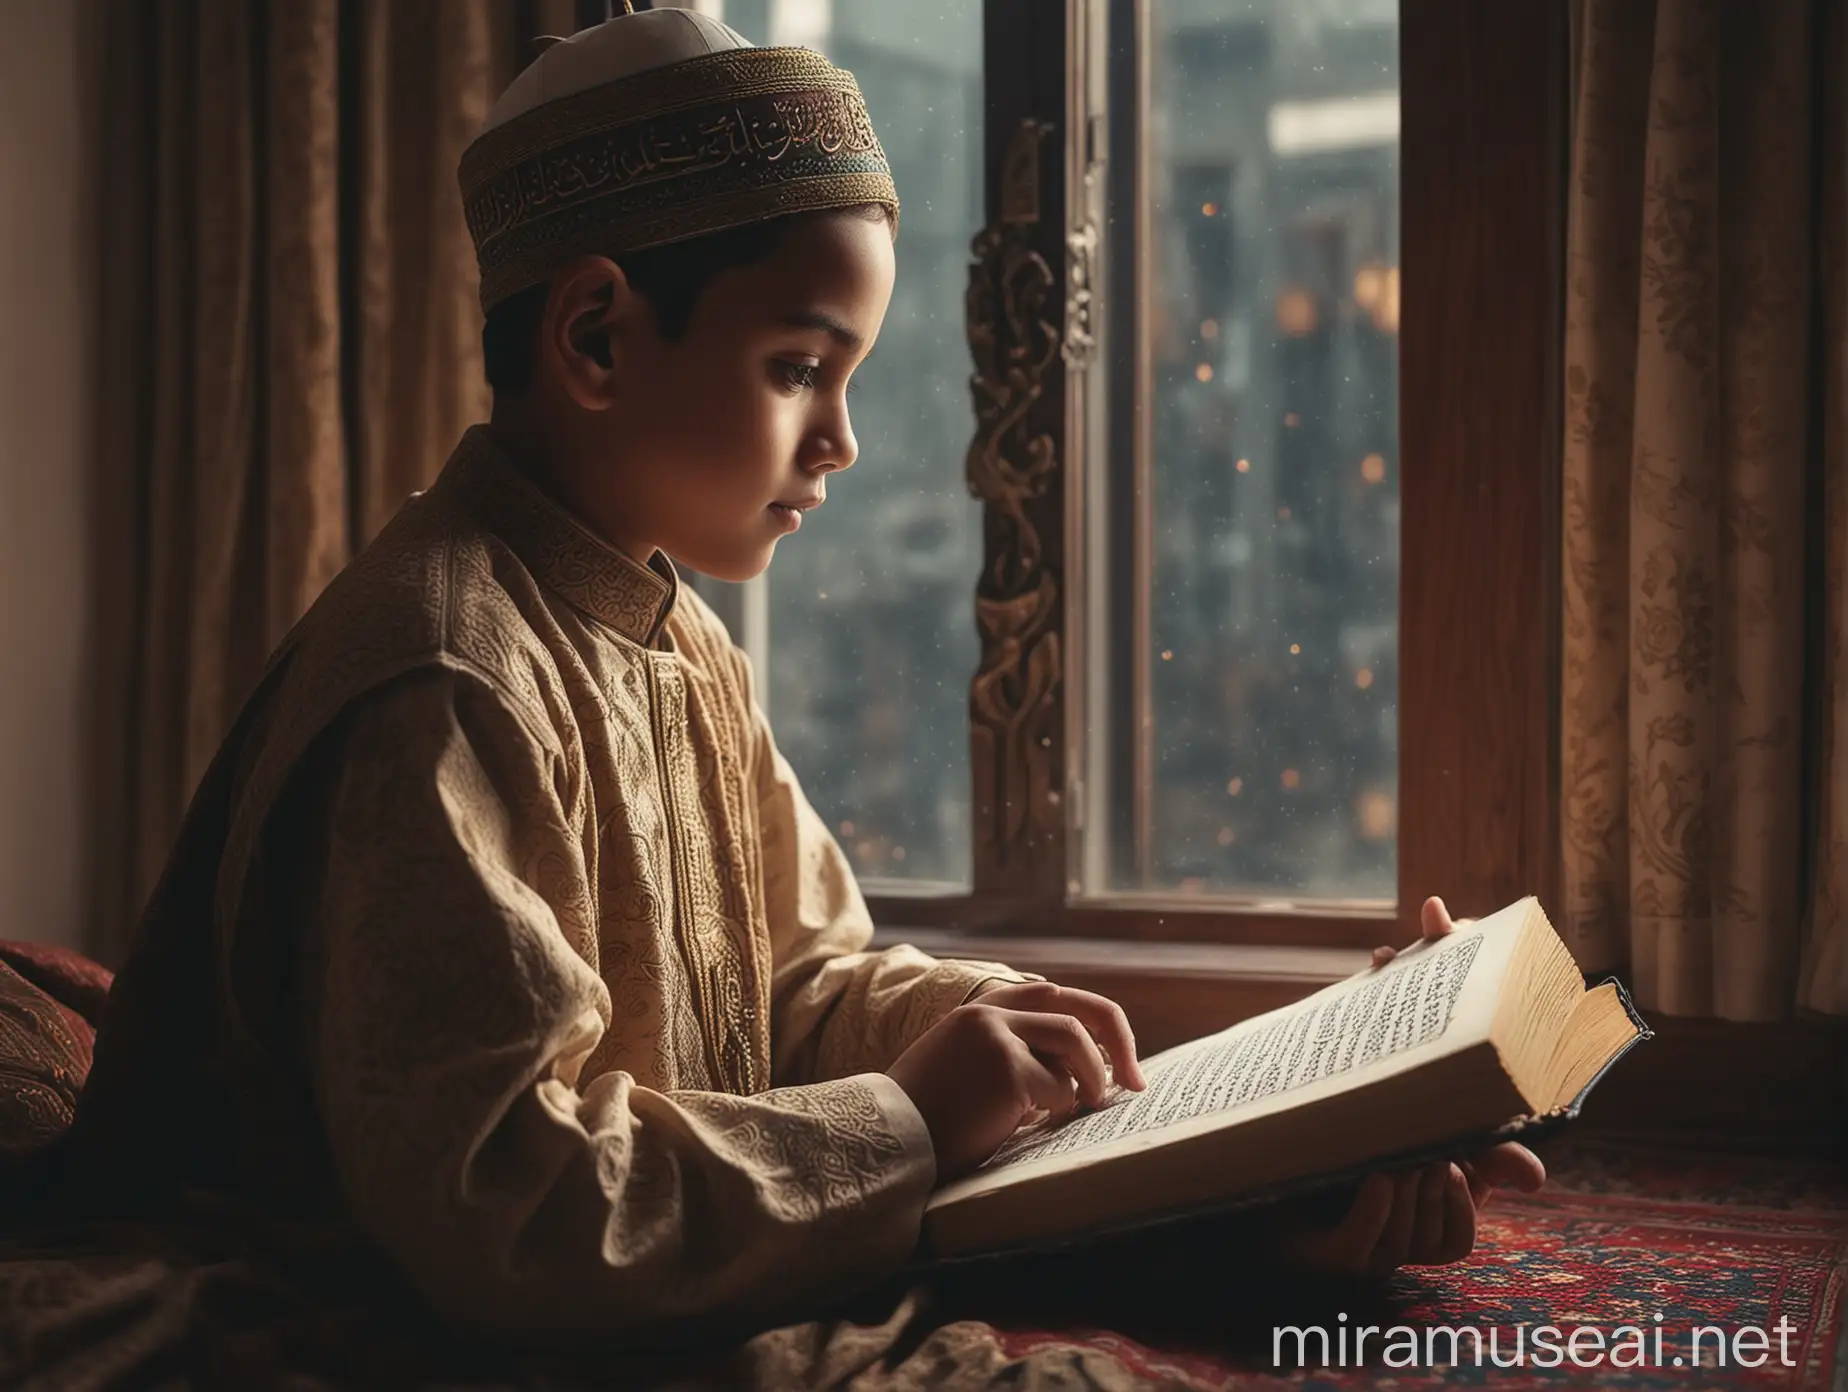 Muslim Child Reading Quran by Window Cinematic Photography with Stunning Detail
******
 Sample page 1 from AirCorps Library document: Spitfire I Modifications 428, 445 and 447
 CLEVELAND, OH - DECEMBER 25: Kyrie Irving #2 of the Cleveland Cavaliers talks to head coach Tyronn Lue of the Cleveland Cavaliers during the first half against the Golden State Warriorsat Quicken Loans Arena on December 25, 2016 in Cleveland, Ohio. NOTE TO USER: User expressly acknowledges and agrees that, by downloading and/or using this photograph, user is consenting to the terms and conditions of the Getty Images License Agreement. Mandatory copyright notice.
******
▶ **TASK OBJECTIVE**
The listing above holds a line with "Sample page 1" and a line with "CLEVELAND, OH - DECEMBER". Print the stretch from the first through the second, exactly and alone.

▶ **EXERCISE RESPONSE**
 Sample page 1 from AirCorps Library document: Spitfire I Modifications 428, 445 and 447
 CLEVELAND, OH - DECEMBER 25: Kyrie Irving #2 of the Cleveland Cavaliers talks to head coach Tyronn Lue of the Cleveland Cavaliers during the first half against the Golden State Warriorsat Quicken Loans Arena on December 25, 2016 in Cleveland, Ohio. NOTE TO USER: User expressly acknowledges and agrees that, by downloading and/or using this photograph, user is consenting to the terms and conditions of the Getty Images License Agreement. Mandatory copyright notice.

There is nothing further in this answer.